Despite the significant increase in the interest rate, the MPC decided to retain other key monetary parameters. The Cash Reserve Ratio (CRR) of Deposit Money Banks (DMBs) remains at 45%, while the liquidity ratio is held steady at 30%. The asymmetric corridor around the MPR is maintained at +100 and -300 basis points.

Cardoso stressed that the primary focus of the MPC is to achieve price stability and curb the rising inflation that has heavily burdened Nigerians. He noted that the inflationary pressure is predominantly fueled by food inflation, exacerbated by high transportation costs, infrastructure deficits, security issues, and exchange rate challenges.

The Economic Backdrop

The recent rate hike occurred amid widespread economic difficulties characterized by soaring commodity prices and an increasing cost of living. The economic strain is largely attributed to the removal of fuel subsidies last year and the floating of the naira, which have pushed the cost of goods and services to historic highs. Despite facing protests and pressure from labor unions, President Bola Tinubu has urged for patience, expressing confidence that the government’s reforms will eventually bear fruit.

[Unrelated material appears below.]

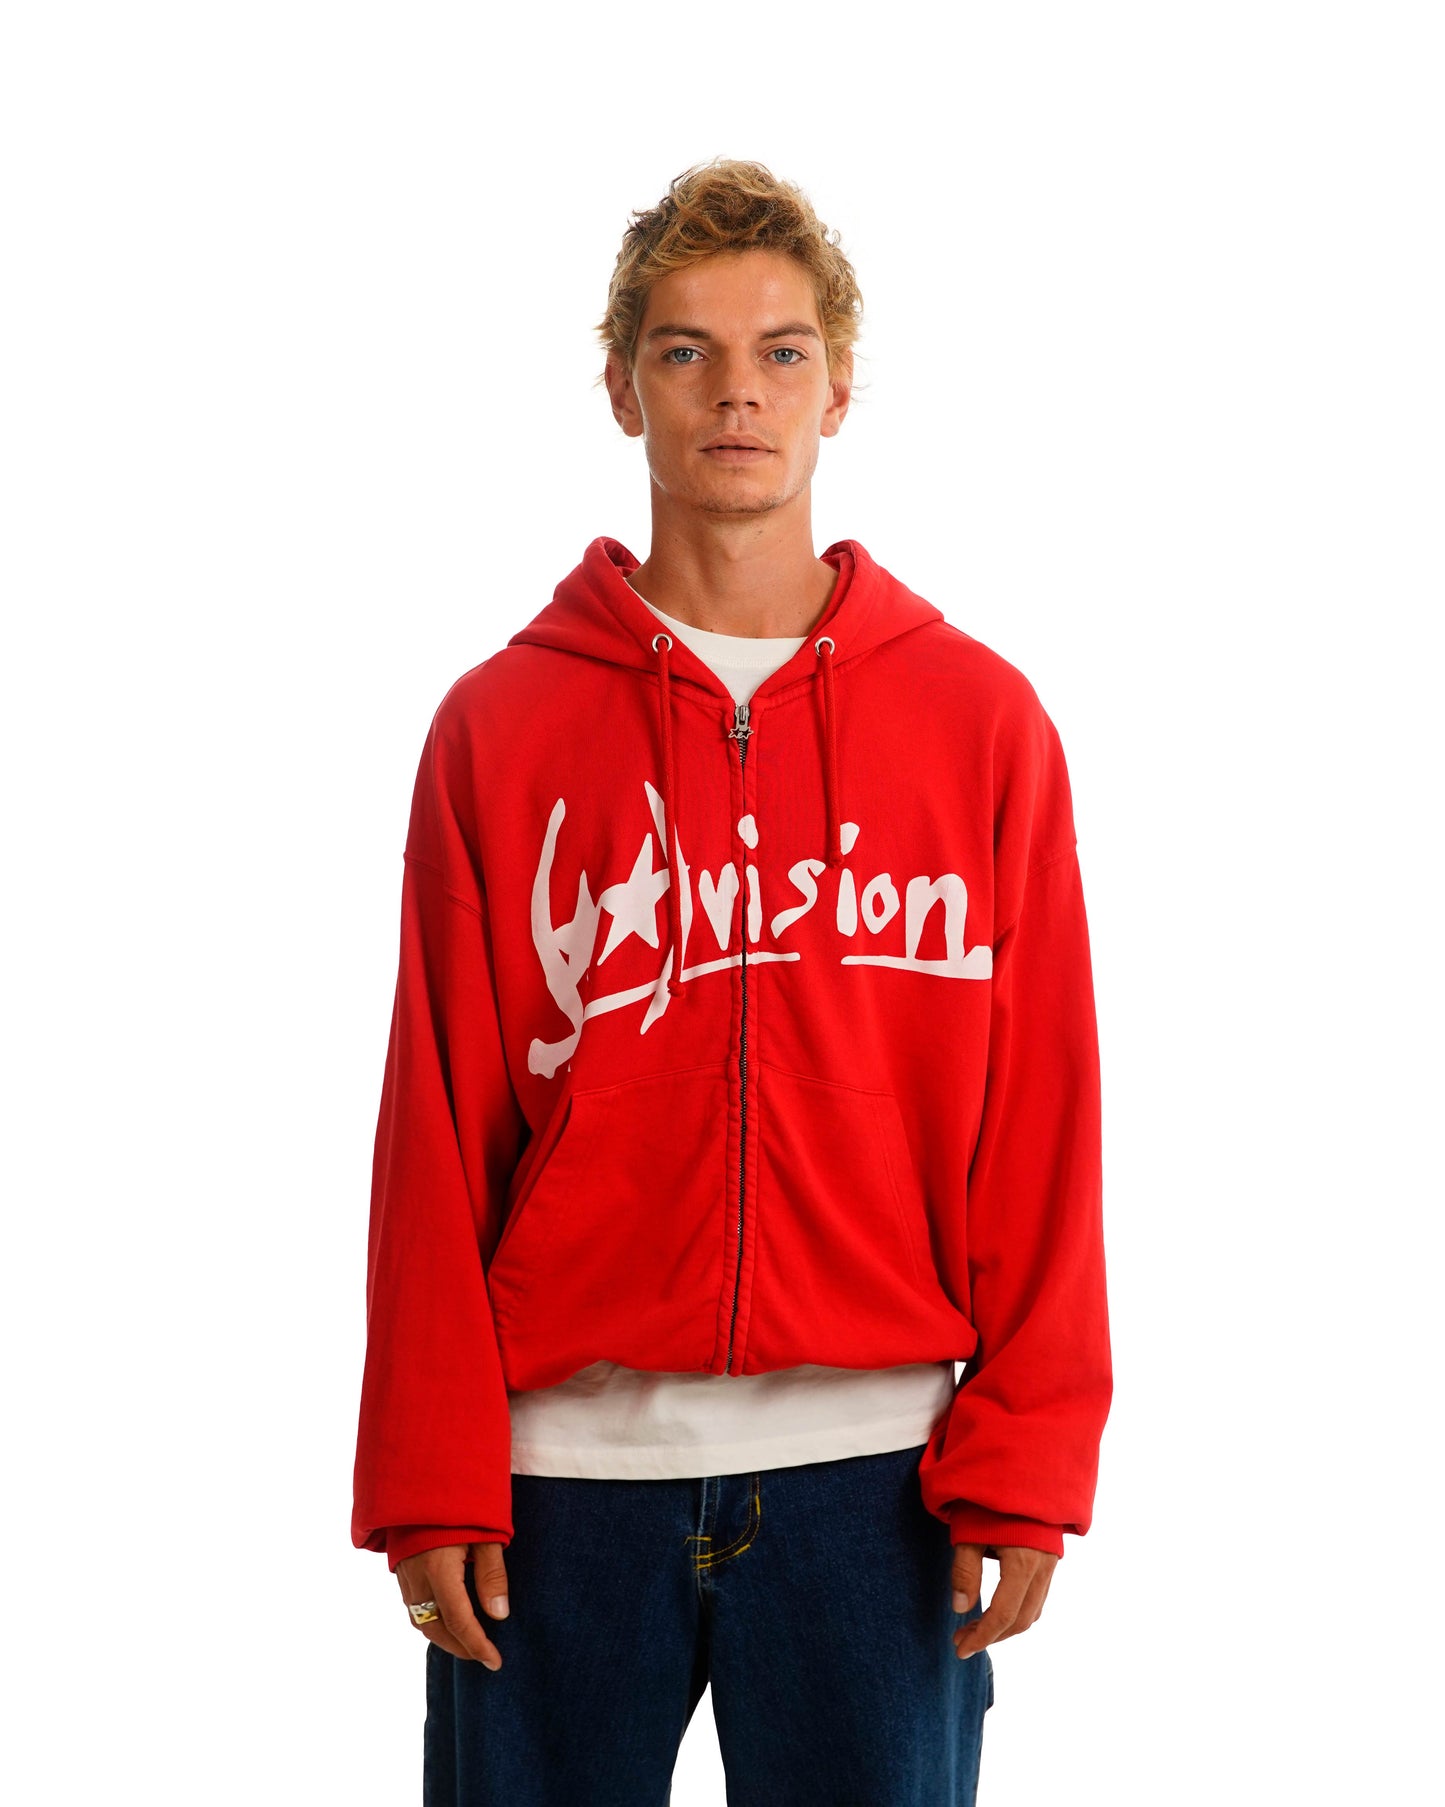 Division x TwoJeys zipper red

In recent months, the CBN has also targeted the operations of cryptocurrency exchanges, including Binance, as part of its strategy to combat the falling value of the naira. While these measures initially led to an appreciation of the currency, the gains have stalled recently.

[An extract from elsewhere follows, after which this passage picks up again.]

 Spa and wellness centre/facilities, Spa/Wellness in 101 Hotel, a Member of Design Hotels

Addressing the volatility in the foreign exchange market, Cardoso attributed the recent depreciation of the naira against the dollar to “seasonal demand” for the greenback. He said that such volatility is common in any functioning foreign exchange market and reflects the dynamics of demand and supply.

“Members further observe the recent volatility in the foreign exchange market attributing this to seasonal demand—a reflection of the interplay between demand and supply in a functioning market system,” Cardoso said. He reiterated the CBN’s commitment to maintaining a transparent FX market through a willing-buyer, willing-seller model.

Skepticism and Criticism

The CBN’s strategy of continuously hiking interest rates has been met with skepticism from some economists and analysts. Kalu Aja, a financial analyst, questioned the efficacy of this approach saying: “So if inflation gets to 35%, CBN will keep hiking to 30%? The strategy must be dynamic.” 

Aja pointed out that the inflation problem is rooted in supply-side and structural issues, which interest rate hikes alone cannot resolve.

Analysts argue that while the CBN’s focus on fighting inflation is understandable, the underlying issues such as insecurity, infrastructure deficits, and economic policies need to be addressed comprehensively.

“CBN has chosen to fight inflation. I can’t fault them; it is in their handbook. Let the Federal government fight bandits to bring down the prices of food,” Aja noted.

Future Outlook

There is a prevailing sentiment among analysts that the CBN might continue to hike rates in the future. However, many believe that without addressing the fundamental issues stoking inflation, these rate hikes will not achieve the desired result. 

The consensus is that Nigeria’s inflation challenge is supply-side and structural, necessitating a multifaceted approach that goes beyond monetary policy adjustments.